*TASK STATEMENT*. Where the listing below has a line with "Лента лампасная №98", write out exactly that line and every line after it, stopping after the line with "NikeLab Free Run shoe salone milan 2016 (2)".
START TASK MATERIAL
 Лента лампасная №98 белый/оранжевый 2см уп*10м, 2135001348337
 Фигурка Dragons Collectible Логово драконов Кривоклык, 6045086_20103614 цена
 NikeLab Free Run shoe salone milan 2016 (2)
END TASK MATERIAL
START TASK MATERIAL
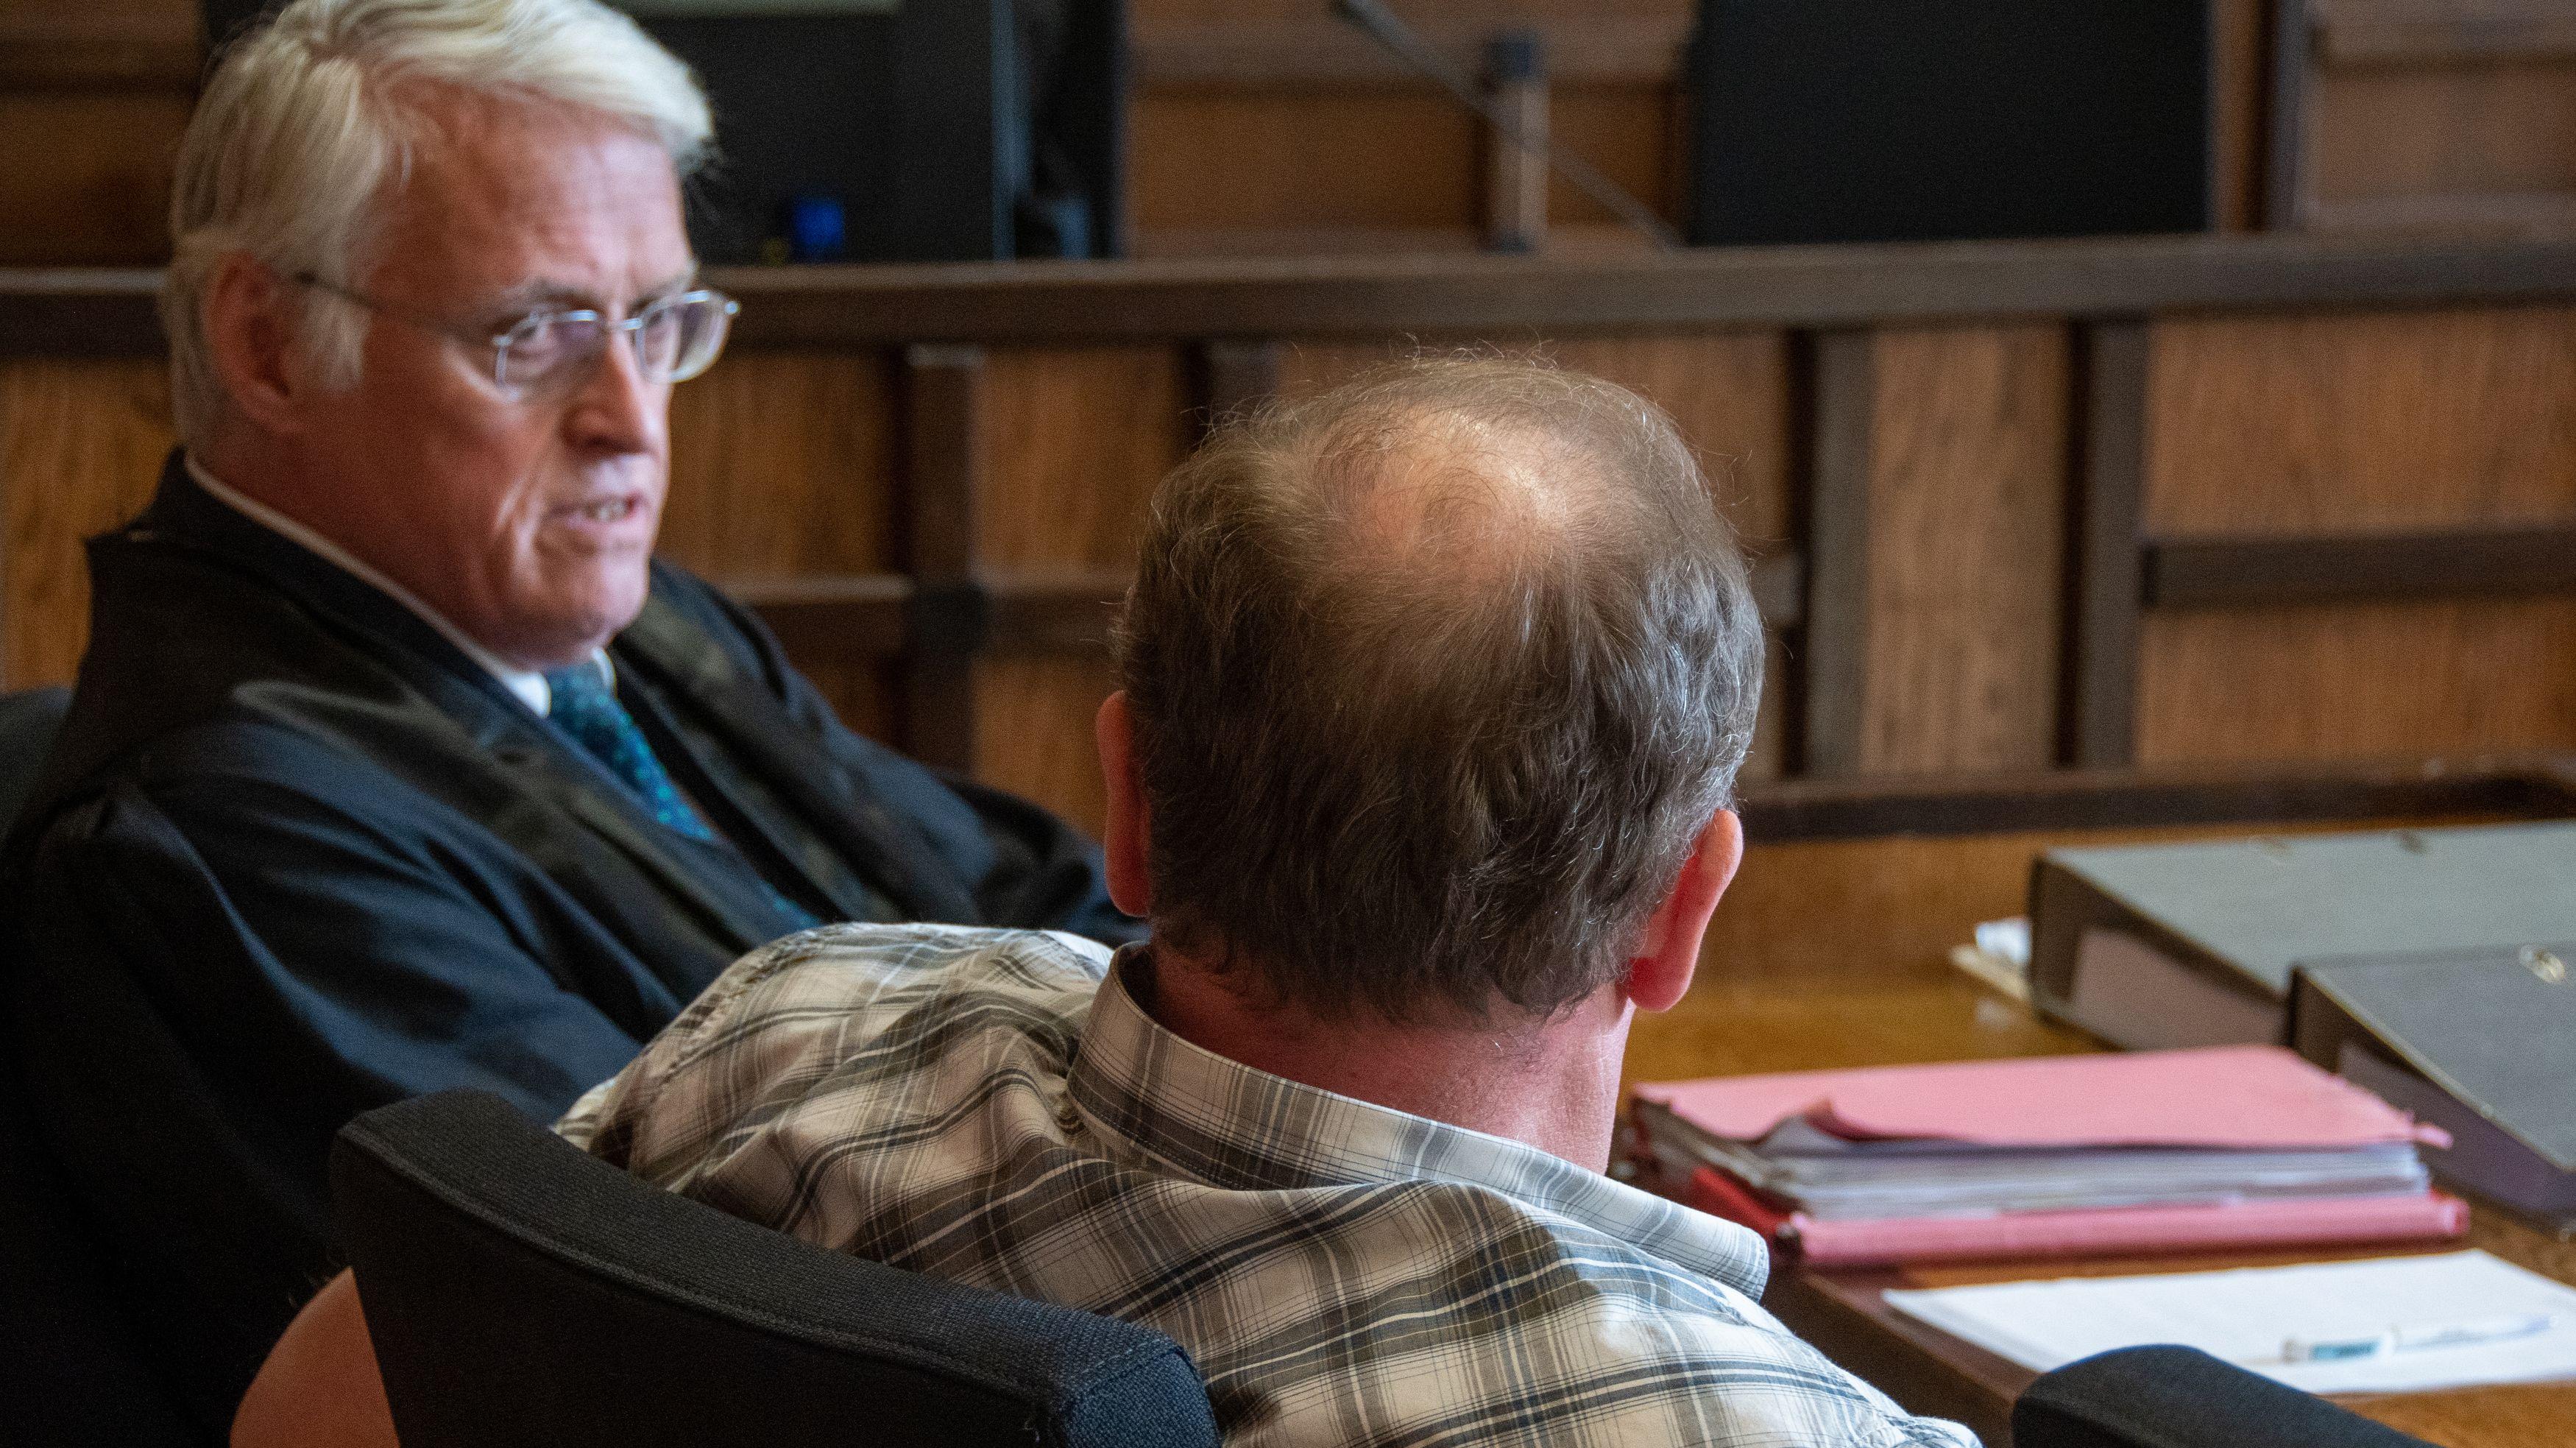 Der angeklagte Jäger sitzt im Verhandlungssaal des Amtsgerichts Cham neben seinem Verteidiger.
END TASK MATERIAL
*SOLUTION BELOW*.
 Лента лампасная №98 белый/оранжевый 2см уп*10м, 2135001348337
 Фигурка Dragons Collectible Логово драконов Кривоклык, 6045086_20103614 цена
 NikeLab Free Run shoe salone milan 2016 (2)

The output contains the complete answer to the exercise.